Reindex data with new field patterns?


(Roger Wang) #1

Hello,
I have been gone trough most documents about how to reindex Elasticsearch data. However, I am still not quite satified with the result I am getting.

Question: sometimes we would like to change the logstash grok patterns and create new fields in index. I noticed that we could add new fields by change mapping. But how to add field with pattern? so that it could be generated match like logstash based on the data.

Since I could not find the way to add fields with pattern in mapping, I end up using logstash elasticsearch plugin to reindex the indices. It kind of works, but just wondering if there is any better way to do it.

2nd Question: some docs shows deleted after reindex with logstash elasticsearch plugin. why?

curl 'localhost:9200/_cat/indices?v' | grep syslog

health status index pri rep docs.count docs.deleted store.size pri.store.size
yellow open syslog-2016.11.08 5 1 2852206 858040 1.2gb 1.2gb
yellow open syslog-v2-2016.07.15 5 1 1 0 9kb 9kb
yellow open new-syslog 5 1 1230000 90556 569.3mb 569.3mb

the new-syslog is the new index which is generated by logstash elasticsearch plugin and 90556 docs were deleted.

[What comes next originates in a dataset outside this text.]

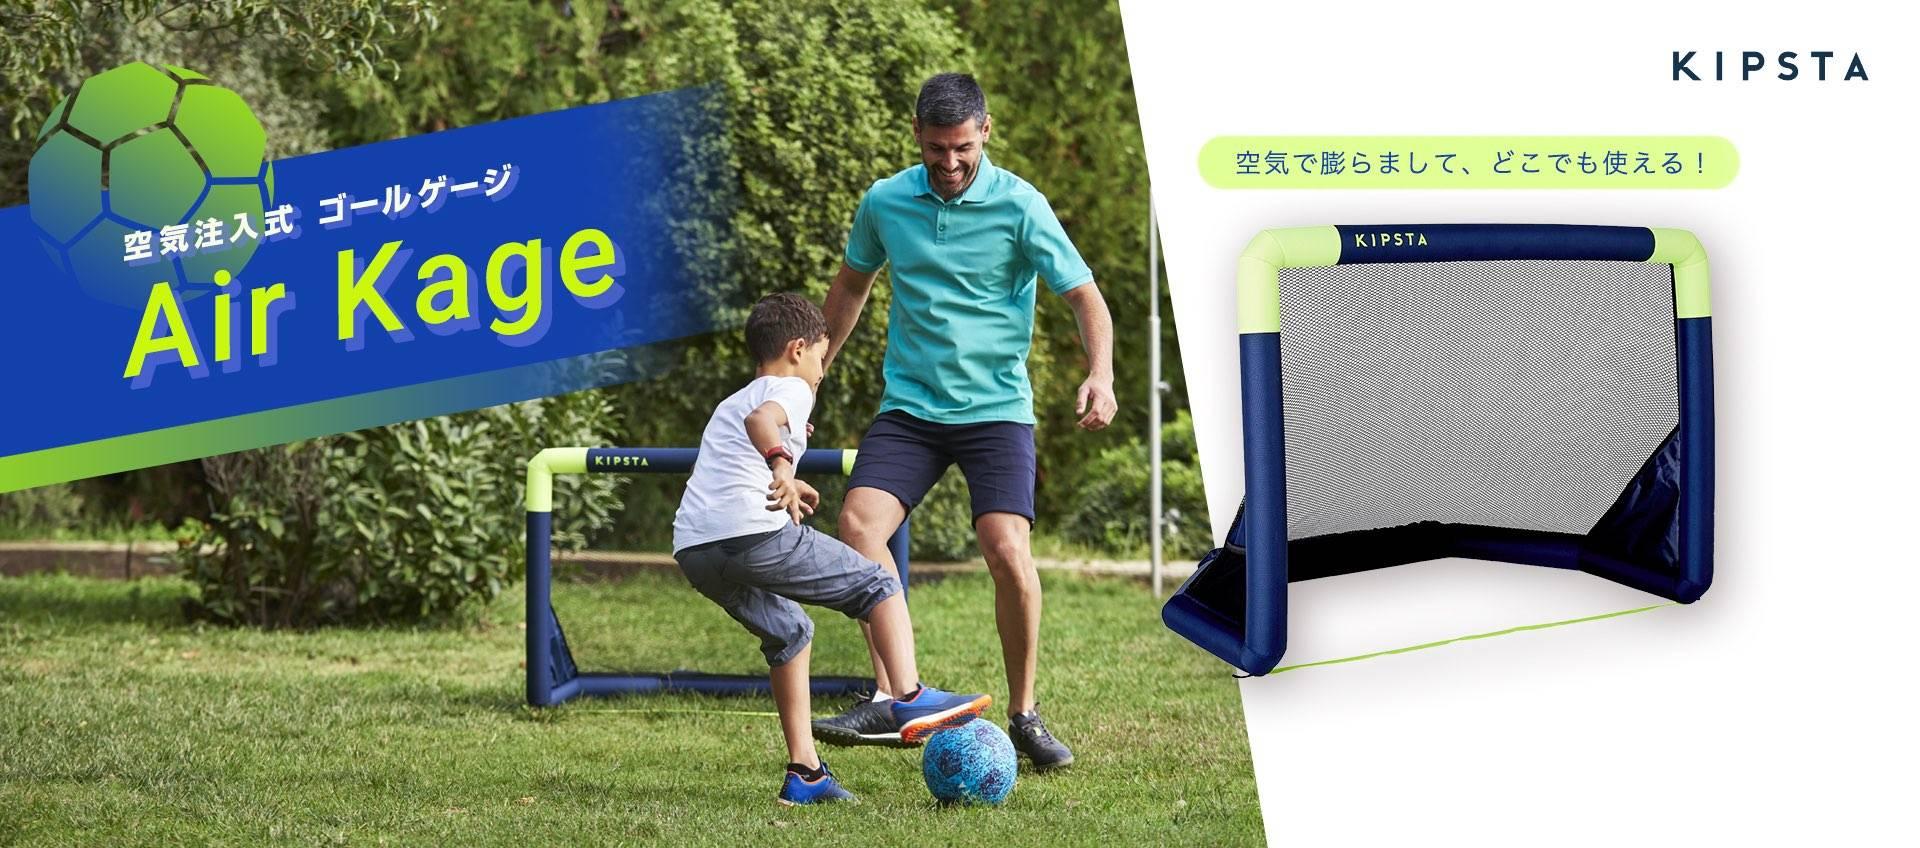 KIPSTA (キプスタ) サッカー 空気注入式 ゴールケージ Air Kage

below is the reindexing conf file for your information:
input {
elasticsearch {
hosts => [ "localhost:9200" ]
index => "syslog-2016.11.08"
size => 1000
scroll => "5m"
docinfo => true
scan => true }
}
filter {
mutate {
#since all fields will be generated again, old fields are not required
remove_field => ["datastore_latency_to", "protocol", "@timestamp", "src_int", "pid", "message_system_info", "syslog_facility", "dst_int", "message_thread_id", "message_service_info", "port", "syslog_facility_code", "syslog_message", "tags", "ASA_type", "device_status", "syslog_timestamp", "program", "@source_host", "vmware_warning_msg", "message-body", "type", "message_service", "syslog_severity_code", "datastore_latency_from", "host", "syslog_program", "@message", "syslog_hostname", "syslog_severity", "syslog_level", "message_opID", "device_naa", "acl", "action", "syslog_pri", "@version"]}
if [message] =~ "%ASA-" {
grok {
match => ["message", "%{CISCO_TAGGED_SYSLOG} %{GREEDYDATA:cisco_message}"]
add_tag => "cisco-fw"
}
syslog_pri { }
grok {
match => [
"cisco_message", "%{CISCOFW106001}",
"cisco_message", "%{CISCOFW106006_106007_106010}",
"cisco_message", "%{CISCOFW106014}",
"cisco_message", "%{CISCOFW106015}",
"cisco_message", "%{CISCOFW106021}",
"cisco_message", "%{CISCOFW106023}",
"cisco_message", "%{CISCOFW106100}",
"cisco_message", "%{CISCOFW110002}",
"cisco_message", "%{CISCOFW302010}",
"cisco_message", "%{CISCOFW302013_302014_302015_302016}",
"cisco_message", "%{CISCOFW302020_302021}",
"cisco_message", "%{CISCOFW305011}",
"cisco_message", "%{CISCOFW313001_313004_313008}",
"cisco_message", "%{CISCOFW313005}",
"cisco_message", "%{CISCOFW402117}",
"cisco_message", "%{CISCOFW402119}",
"cisco_message", "%{CISCOFW419001}",
"cisco_message", "%{CISCOFW419002}",
"cisco_message", "%{CISCOFW500004}",
"cisco_message", "%{CISCOFW602303_602304}",
"cisco_message", "%{CISCOFW710001_710002_710003_710005_710006}",
"cisco_message", "%{CISCOFW713172}",
"cisco_message", "%{CISCOFW733100}",
"cisco_message", "%{GREEDYDATA:cisco_message}"
]
}

  }

}
output {
elasticsearch {
hosts => ["localhost:9200"]
index => "new-syslog"
document_type => "%{[@metadata][_type]}"
document_id => "%{[@metadata][_id]}"
}
}

Thanks and regards,
Roger


(Mark Walkom) #2

Use a template - https://www.elastic.co/guide/en/elasticsearch/reference/5.0/dynamic-templates.html

Maybe some existing ones were updated?


(system) #3

This topic was automatically closed 28 days after the last reply. New replies are no longer allowed.